Not mine— the Minister's.

Yes, through you. I am referring to greyhounds. Greyhounds have come to stay. I asked the Minister about four months ago for a return of the amount of money that came into Éire for greyhounds. Greyhounds can be reared in a backyard in a city or town. I have seen greyhounds reared in backyards with as great a success as in the open country. In my parish, £2,400 was got for a greyhound and £1,800 for another, both out of the same litter. The mother of these greyhounds was bought for £3 10s. The greyhound industry is not injuring the cattle industry or the horse industry. It is a poor man's industry as well as a rich man's, and there is money in it. In this morning's papers it was announced that £920 was paid for another greyhound. I think all these good dogs are going to England. Some of them should be brought back here, and English dogs brought in here as well, in order to change the blood, if you like. As a matter of fact, the sire of that £2,400 dog, Mutton Cutlet, was brought here from England. Some of these dogs should be brought back, and the poor man, the man in the cottage in the country or in the town, should have a chance of getting the service of one of these good dogs for his bitch. That is a matter which is worth the attention of the Minister. The industry is only in its infancy. Now that the war is over you will have racing tracks in every city in the world within 12 months. Men engaged in the trade tell me that a huge number of bitches has been sold for breeding purposes within the past 12 months and that there may be no market for them. I do not agree with that. As I say, these tracks will spring up in every city and you will not be able to supply them with dogs.

The question of seed wheat has been touched upon. I know a neighbour of mine who had about 130 barrels to thresh and an inspector came along to inquire what he was going to do with it. He would not be allowed to sell any of that to the neighbours for seed. I think the millers had a finger in that pie. I do not see why a farmer should not be allowed to sell seed to his neighbours who know that it was grown in good, clean, well-manured ground. Deputy O'Reilly made a most interesting speech about wheat and said £4 5s. was paid for seed wheat.

Why should the millers get control of it? I had a good farm of wheat and got a good return, although I did not charge a very high price for it. I charged the mill price and let them take it away, though some left it too long with me. The farmer should be allowed to sell his wheat to his neighbours, who would know what they were getting, which is not so when they have to go to the merchant. That cock should not be allowed to fight any longer.

I agree with Deputy Hughes on the question of soil analysis, and I think there is a lot in it. There may be five different kinds of soil in the one farm, and it is hard to find out which is the right manure for each purpose. Some eight or nine months ago, I asked a question about the veterinary service, and you said that you were working on that problem. I congratulate you on that. I got a hint from some of the gentlemen connected with the Department——

Deputies should remember they are addressing the Chair, and should refer to a Minister as "the Minister."

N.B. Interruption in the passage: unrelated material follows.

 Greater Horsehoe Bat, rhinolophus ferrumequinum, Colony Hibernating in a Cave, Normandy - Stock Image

I will. I suppose my apprenticeship is not finished yet.

That should be one of the first lessons in the first book.

It was done unwittingly.

I realise that.

There was an inquiry held into the death rate of cattle, and it was reported in the Stockbreeder and the Farmers' Weekly that there were a lot of Irish cattle in England dying from consumption. The veterinary service came to the rescue, and proved to their satisfaction that only 8 per cent. died from that cause. Deputy Fagan, who is in the cattle trade, drew attention in his interesting speech to the lack of veterinary surgeons in Ireland.

I have my doubts about the value of the agricultural colleges. Most of the young men going there seem to go in order to try to get jobs as instructors. That is my observation of them. We have some of them in our neighbourhood, and they are not doing as well as the lads who remained on the farm. There are lots of articles being published now on farming in the newspapers, and they are being read by many of the farmers. However, you cannot learn to be a grocer or a hardware merchant by reading out of a book. They tried the college education in Mount Melleray, but gave it up after three or four years. A boy who does not learn farming from his father should keep his eyes open for a good farm in the neighbourhood. If I had a son whom I wanted to train, I would send him to Deputy Hughes or Deputy Allen in preference to sending him to one of the colleges.

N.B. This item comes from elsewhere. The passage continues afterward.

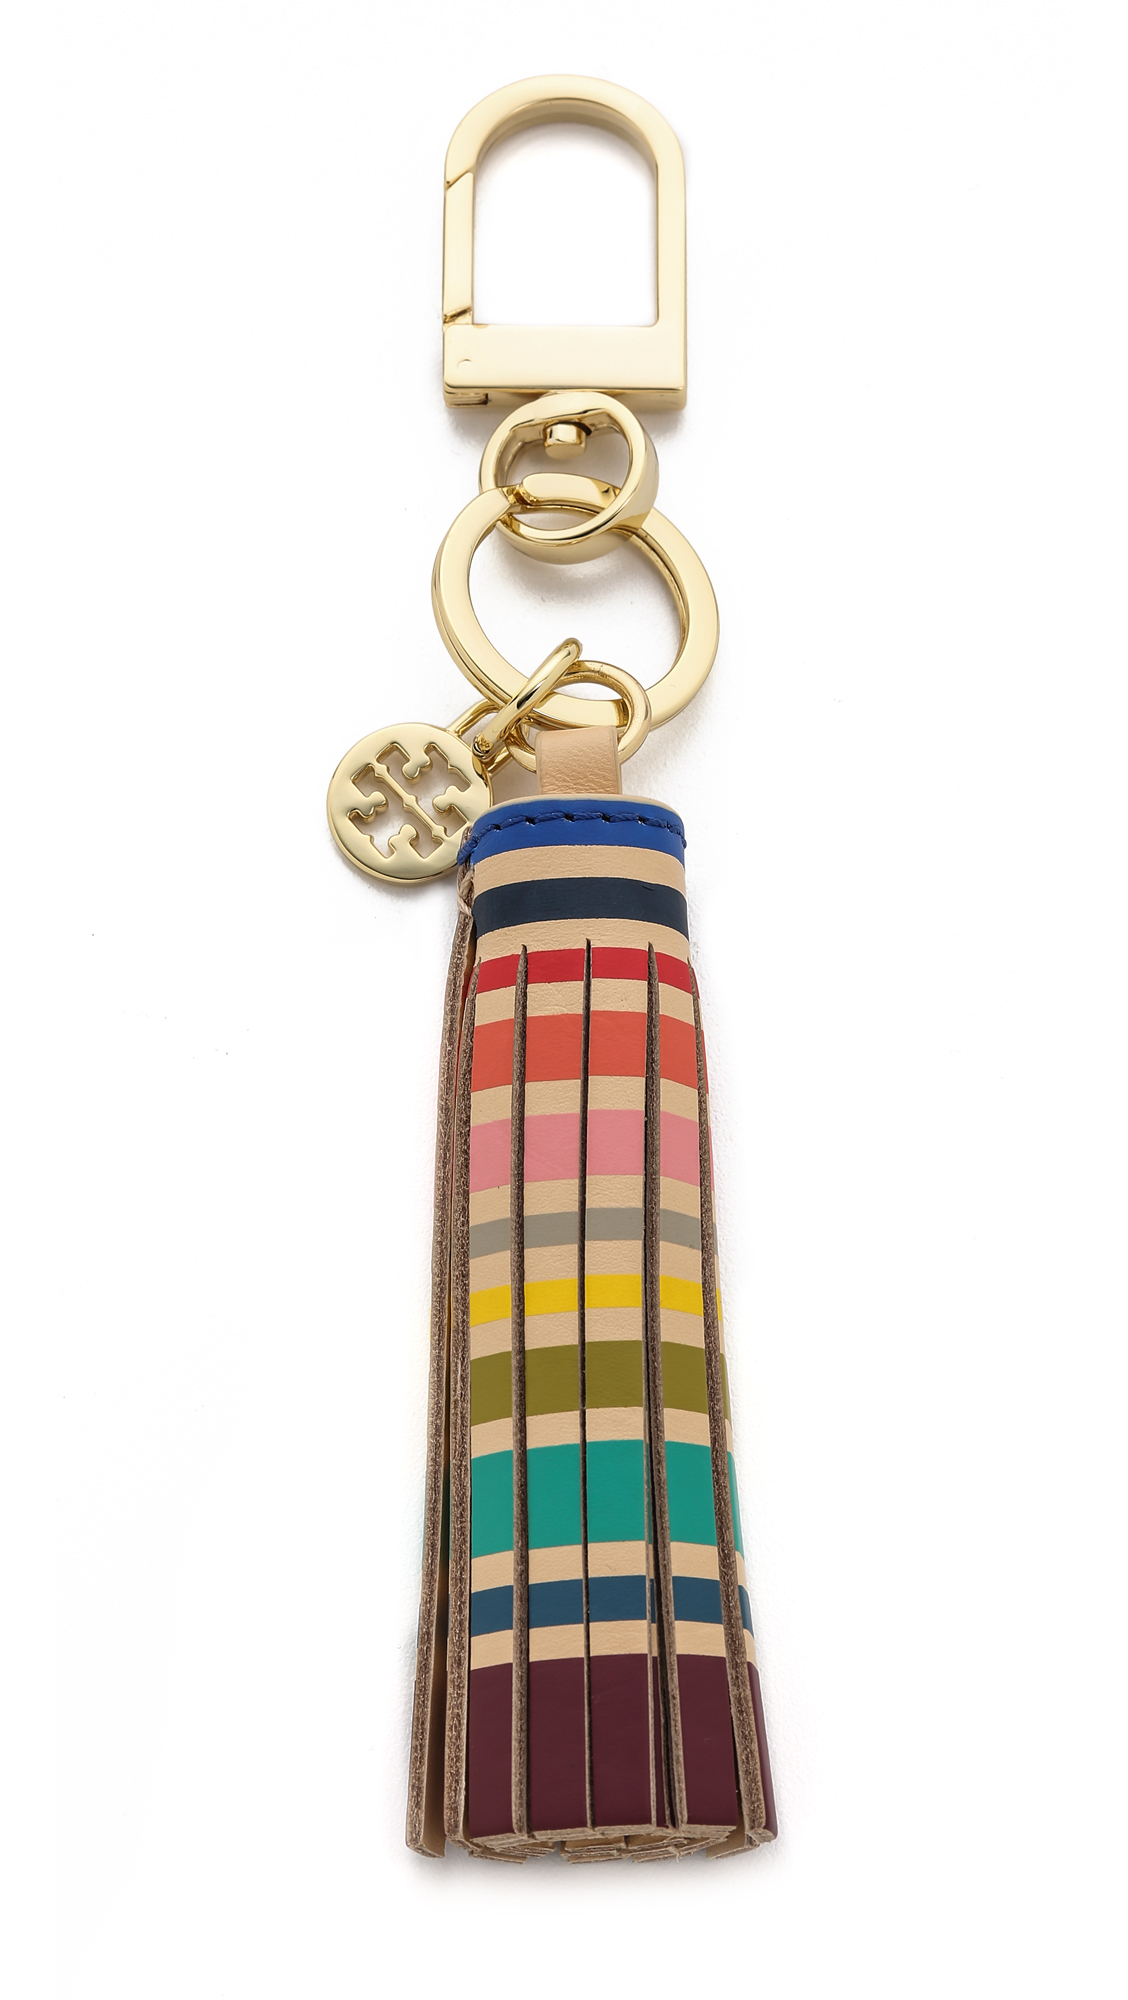 Lyst - Tory Burch Multi Color Tassel Key Chain - Vachetta

Arthur Young wrote a famous book which is preserved in the Bodleian Library in Oxford. It is a book which all studying to be instructors read. Arthur Young himself was smashed on three farms, and then started writing in the weekly papers, about the middle of the 18th century. He became so good at the writing that he was taken up by one of the English landlords and he lectured before the House of Lords and the House of Commons. He was taken across to Mitchelstown by the Earl of Kingston, and wrote this famous book on farming. He could not run his own farms, but he could write books on farming. The lads around my county see three farming papers a week, and I think they read too much. They wear a pair of gloves and use an umbrella when farming. They are book farmers and are not worth tuppence. While the fellows in the colleges would be gauging and measuring, the other fellow would have his field ploughed.

I myself went home, after being over 20 years in Dublin, where I was an apprentice to the drapery trade. I was reared in a small farm in Tipperary and, having got a bigger place which belonged to my grandparents—about 180 statute acres—I found after eight or nine months that I could not improve on the methods of the two generations before me. I tried new breeds in cattle, sheep and horses, but was driven back to the methods of the neighbourhood. If I went to Wexford to farm, I would get in a good agricultural labourer from the Wexford neighbourhood and would follow the methods in use there. One must learn farming on the farm and not somewhere else.

My pet subject is the water supply, and when I die I want no name on my tombstone, but only the inscription: "He got water into the waterless farms of Ireland". We talk of veterinary science and all the rest of it, but water is more essential. The Skibbereen Eagle had its eye “on all the Rooshians”, as the London Times put it, during the Russian War. The water supply question was mooted 18 months ago by me at the Tipperary County Council. The British Government is going to supply water for all farms in England, Scotland and Wales— £18,000,000 for England and Wales and £7,500,000 for Scotland. The Labour Party there took up the question and Lord Beaverbrook's syndicated papers supported it. I have a good water supply myself and so I have no axe to grind, but there are many others near me who have not a good supply. The Tipperary resolution was supported by ten or 12 other council's while four or five marked it “read”.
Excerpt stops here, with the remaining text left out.